Werner Burkhart vom Landschaftspflegeverband und Karin Hauber vom Naturparkverein Augsburg - Westliche Wälder überzeugten den Gemeinderat vom Sinn einer Mitgliedschaft.
Bild: Ronny Schneider

Der Verein Naturpark Augsburg - Westliche Wälder steht für naturbetonte Erholung durch ein weit verzweigtes Wander- und Radwanderwegenetz, Naturführungen für Schulen und Kindergärten im Naturparkhaus in Oberschönenfeld, Ausgleich der Interessen von Landwirtschaft, Jagd und Freizeit und vielem mehr. Bei einer Doppelmitgliedschaft reduziert sich der Mitgliedsbeitrag von 65 auf 39 Cent pro Einwohner. Mit diesem Beitrag, staatlichen Zuschüssen und Spenden werden dann die im Gemeindegebiet anfallenden Maßnahmen ohne zusätzliche Kosten für die Gemeinde finanziert. Der Gemeinderat stimmte mit deutlicher Mehrheit bei nur drei Gegenstimmen für den Beitritt zum Landschaftspflegeverband und einstimmig für die Mitgliedschaft im Naturparkverein.

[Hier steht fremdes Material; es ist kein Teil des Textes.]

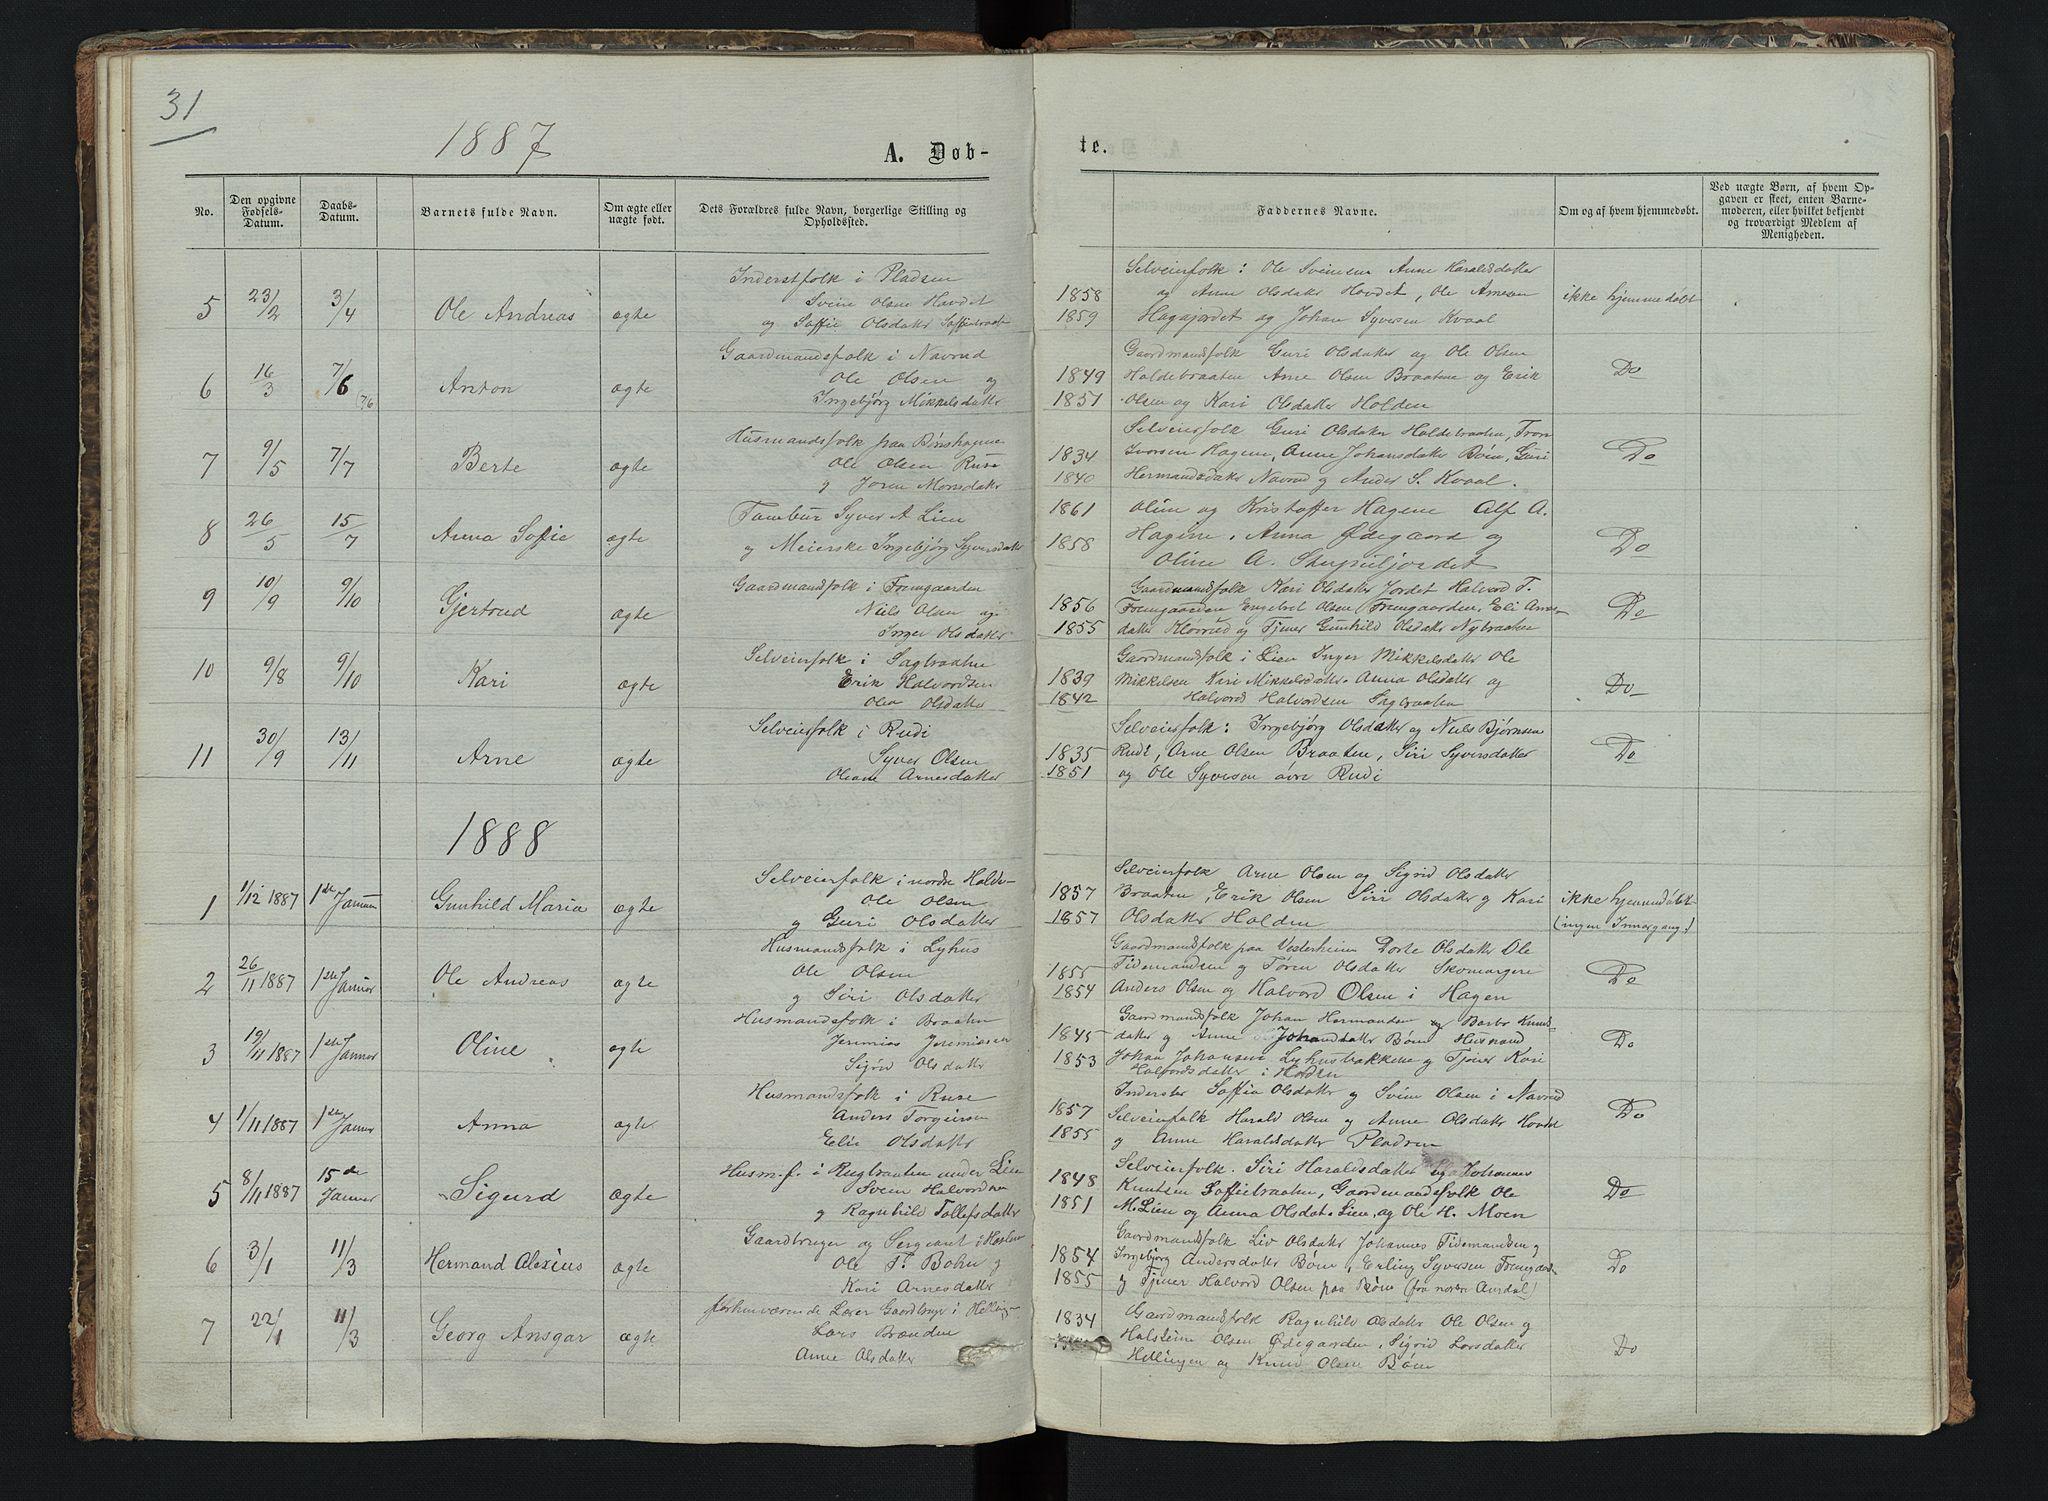 SAH, Sør-Aurdal prestekontor, Klokkerbok nr. 6, 1866-1893, s. 31

Tagesmütter sind in Großaitingen gefragt

Im laufenden Kindergartenjahr ist die Gemeinde auf die Betreuung durch Tagespflegepersonen angewiesen, da die Nachfrage nach Plätzen für unter dreijährige Kinder sehr hoch war und in den Kindergärten nur eine sehr begrenzte Anzahl von Plätzen in der Krippe angeboten werden konnte. Derzeit werden zwölf Kinder mit Wohnsitz in Großaitingen von Tagespflegepersonen betreut. Um dies auch in Zukunft zu gewährleisten, beschloss der Rat einstimmig, die Förderung auch auf auswärtig tätige Tagesmütter auszuweiten. Bei 15 Kindern liegen die prognostizierten Kosten bei etwa 9000 Euro im Jahr. Je nach Buchungszeit würde das Defizit für einen Krippenplatz zwischen 6000 und 15.600 Euro jährlich betragen. Im Haushalt 2020 ist von September bis Dezember ein Ansatz von 5000 Euro eingeplant.

Hohes Darlehen für die Singoldschützen

Der Gemeinderat billigte in der jüngsten Sitzung den überarbeiteten Planungsentwurf des Büros Moschner und Ölschläger zur erneuten öffentlichen Auslegung. Das Baugebiet wird durch eine Stichstraße mit dem Sigerathweg verbunden, die erschließende Ringstraße wird eine Einbahnstraße. Der Bebauungsplan kann im beschleunigten Verfahren verwirklicht werden. Es gab noch eine weitere Entscheidung: Die Singoldschützen Großaitingen erhalten von der Gemeinde für die geplanten Baumaßnahmen ein zinsloses Darlehen in Höhe von 200.000 Euro mit einer Laufzeit von zwei Jahren.

Verwaltung arbeitet regulär weiter

Abschließend erläuterte Bürgermeister Erwin Goßner die momentane Situation aufgrund der steigenden Covid-19-Infektionen. In der Verwaltung habe sich noch nichts geändert. Der Parteiverkehr erfolgt nach wie vor regulär zu den üblichen Zeiten, für längere Gespräche wird eine Terminvereinbarung empfohlen. Die Verwaltung arbeitet in voller Personalstärke und ohne Schichtbetrieb. Die Liegenschaften der Gemeinde könnten die Vereine und Organisationen mit ihren selbst auferlegten Hygienevorschriften weiterhin nutzen, versprach Goßner unter der Einschränkung: „Sollte der Landkreis seine Sporthallen schließen, wird dies die Gemeinde Großaitingen ebenfalls tun. Es soll hier kein Sonderweg beschritten werden.“ Kindertagesstätten, Schulen und die Offene Ganztagesschule erhielten ihre Anweisungen und Empfehlungen direkt von den zuständigen Ministerien und handelten dementsprechend eigenverantwortlich, stellte Goßner fest.